Purification of NHBA fragments after cleavage
NHBA recombinant protein was digested with saliva and recombinant hK1 as previously described and the obtained digested fragments were separated on His Spin Trap devices (GE Healthcare) following the manufacturer’s procedure. The His Spin Trap was equilibrated with 50 mM NaH2PO4, 300 mM NaCl, pH 8.0, NHBA cleaved recombinant protein was loaded on the devices and after washing C-fragments were eluted with 50 mM NaH2PO4, 300 mM NaCl, 500 mM Imidazole, pH 8.0.
Mass Spectometry analysis of the cleaved purified C-term fragments
The C-terminal fragments recovered from His Spin Trap elution fraction were analysed by Mass Spectrometry. The acidified protein solutions were loaded onto a Protein Microtrap cartridge (from 60 to 100 pmols), desalted for 2 min with 0.1% (v/v) formic acid at a flow rate of 200 ml/min and eluted directly into the mass spectrometer using a step gradient of acetonitrile [55% (v/v) acetonitrile, 0.1% (v/v) formic acid]. Spectra were acquired in positive mode on a SynaptG2 HDMS mass spectrometer (Waters) equipped with a Z-spray ESI source. The quadrupole profile was optimized to ensure the best transmission of all ions generated during the ionization process. Mass spectra were smoothed, centroided and deconvoluted using MassLynx vers. 4.1 (Waters).

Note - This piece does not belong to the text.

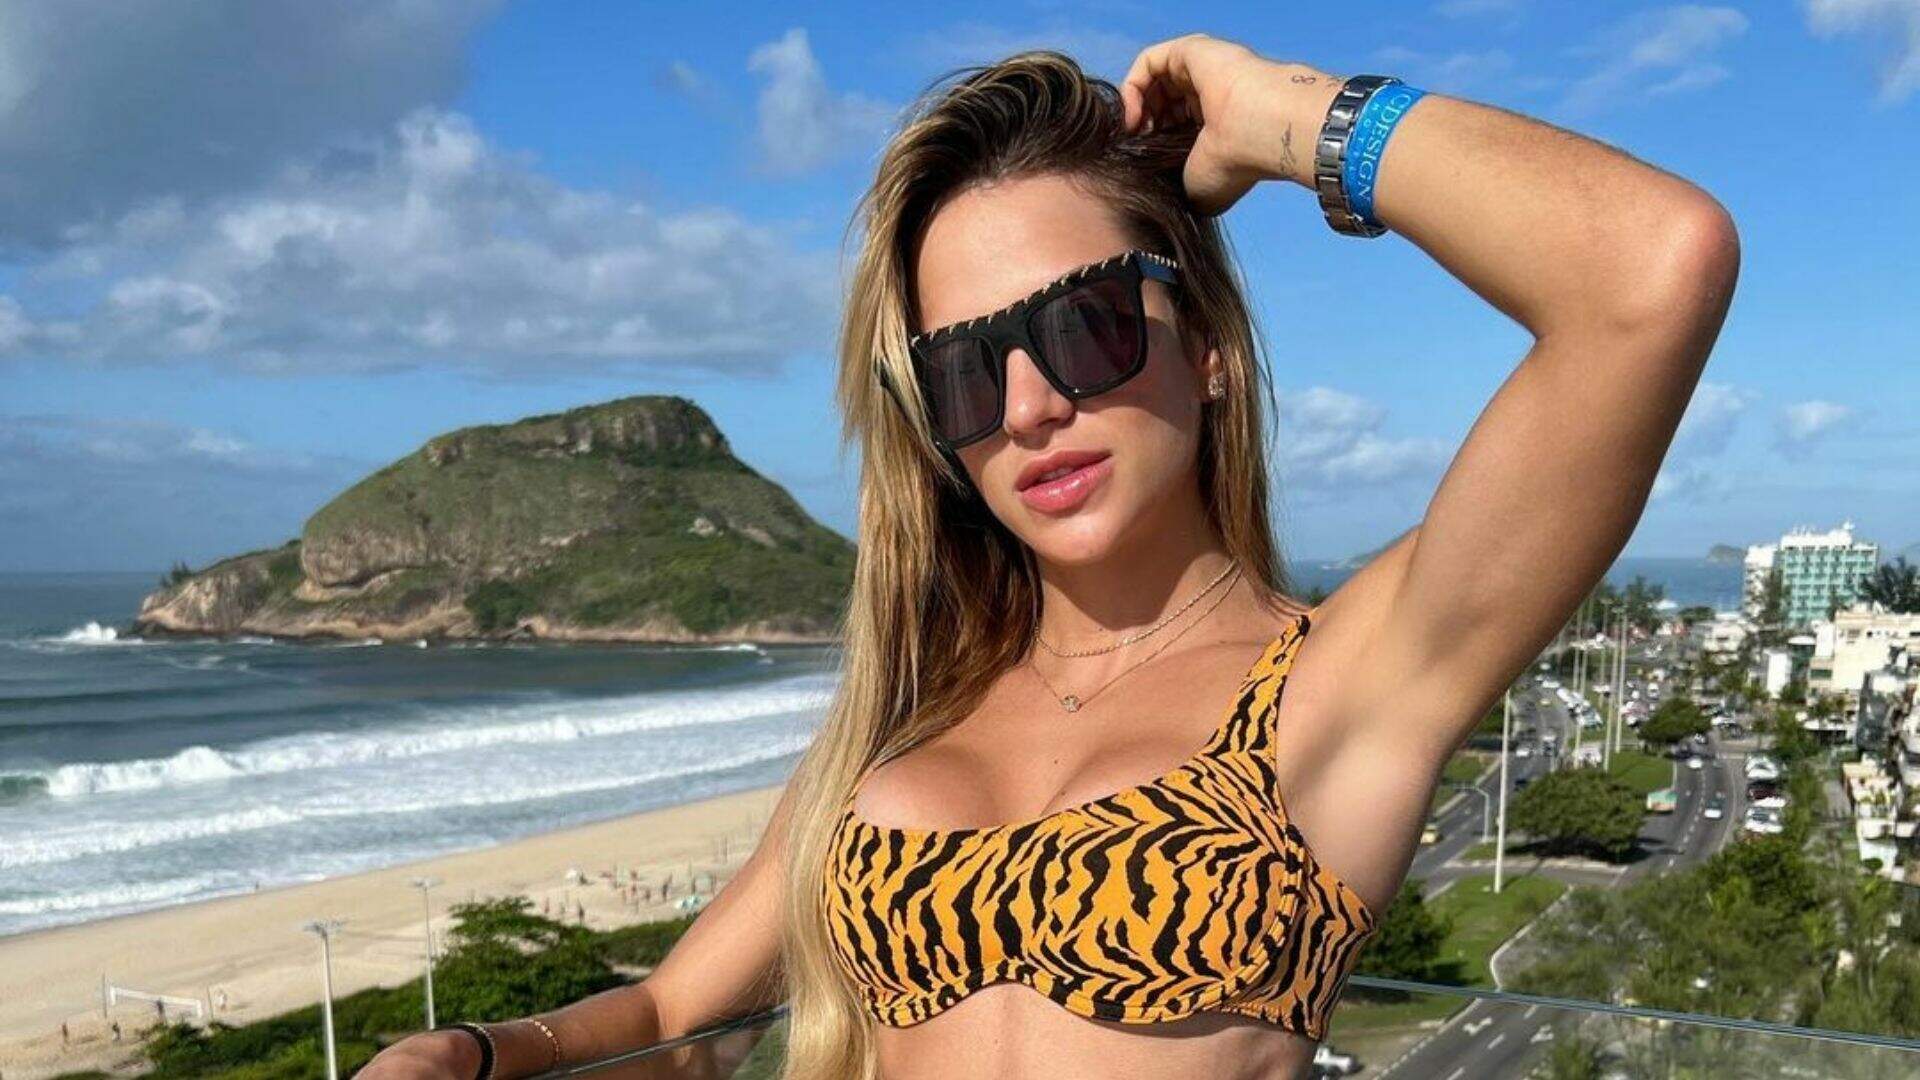 Com modelito de oncinha, Gabi Martins aproveita piscina no Rio de Janeiro: “Saudade” - Metropolitana FM

Bacterial strains and growth conditions
N. meningitidis wild type (wt) strain MC58 [22] and the ΔNalP and ΔNHBA MC58 strains [12] were cultured on GC agar plates (Difco) at 37 °C plus 5% CO2. Overnight colonies grown on GC agar plate were used to start a culture in 25 ml of GC medium (Difco) in 125 ml flask. An OD600nm ~ 0.1 was used as the start culture density. Liquid culture was grown at 32 °C plus 5% CO2, under aerobic condition (180 rpm) until OD600nm ~ 0.4 and then used for experimentation. 2.5 ml of cultured bacteria were incubated with 0.2 ml of saliva (Human saliva lot BRH1325364 from Seralab), 15 μl of human plasma purified kallikrein (PKa) (K2638 Sigma Aldrich, 3.4 μM) or 0.2 ml of liquid GC medium, as negative control, for 30 minutes at 32°C. Culture medium supernatant was recovered and used for immunodetection analysis while bacteria were used for FACS analysis.
Flow Cytometry analysis
Bacteria, obtained as previously described, were washed and incubated for 1 hour, at room temperature, with polyclonal mouse antiserum raised against an NHBA C-terminal fragment. After a washing step, samples were incubated for 30 minutes, at room temperature, with Alexa flour 488-conjugated goat anti-mouse IgG secondary antibody (Life Technologies). All washing steps and antibody dilutions were performed using 1% (w/v) BSA in PBS. Labeled bacteria were washed and fixed for 1 hour, at room temperature, using 2% (v/v) formaldehyde (Carlo Erba Reagents) in PBS. Samples were analyzed with BD FACS CantoII system (BD Bioscience) using FlowJo software. Each condition was performed in triplicate.
Results
NHBA is cleaved by human saliva
Lactoferrin is known to be present in various biological fluids, such as blood, milk, tears, nasal secretions and saliva, and it has been reported to be a protease responsible for NHBA cleavage [12]. To explore the possibility that NHBA protein may be processed during initial Neisseria colonization of the nasopharynx, we assessed whether saliva, which contains hLF, was able to proteolytically cleave the protein. To this end, human saliva from a pool of donors was incubated with recombinant NHBA (from NZ98/254 strain) protein overnight at 37°C. Samples were recovered and analyzed by SDS-PAGE. As shown in Fig 1, saliva treatment of NHBA protein gave rise to two main fragments with an apparent molecular weight of approximately 40 kDa and 20 kDa (lane 6), similarly to those produced by hLF [12]. Significantly, a recombinant NHBA mutant protein, wherein all Arg residues of the Arg-rich region had been deleted (NHBA ΔArg), was not cleaved by saliva (lanes 9 and 10), indicating that the presence of the Arg-rich region was necessary for the proteolytic cleavage.
SDS PAGE of NHBA incubated with human saliva in PBS 1X. Recombinant proteins have been tested at 3.8 μM as final concentration and 1 ml of saliva per mg of protein was used. Lane 1: pool of saliva; lane 2: pool of saliva incubated for 4 hours at 37°C; lane 3: NHBA wild type recombinant protein; lane 4: NHBA wild type recombinant protein incubated for 4 hours at 37°C; lane 5: NHBA wild type recombinant protein and saliva mixed together without incubation; lane 6: NHBA wild type recombinant protein incubated with saliva 4 hours at 37°C; lane 7: NHBA ΔArg recombinant protein; lane 8: NHBA ΔArg recombinant protein incubated for 4 hours at 37°C; lane 9: NHBA ΔArg recombinant protein with saliva mixed together without incubation; lane 10: NHBA ΔArg recombinant protein incubated with saliva for 4 hours at 37°C.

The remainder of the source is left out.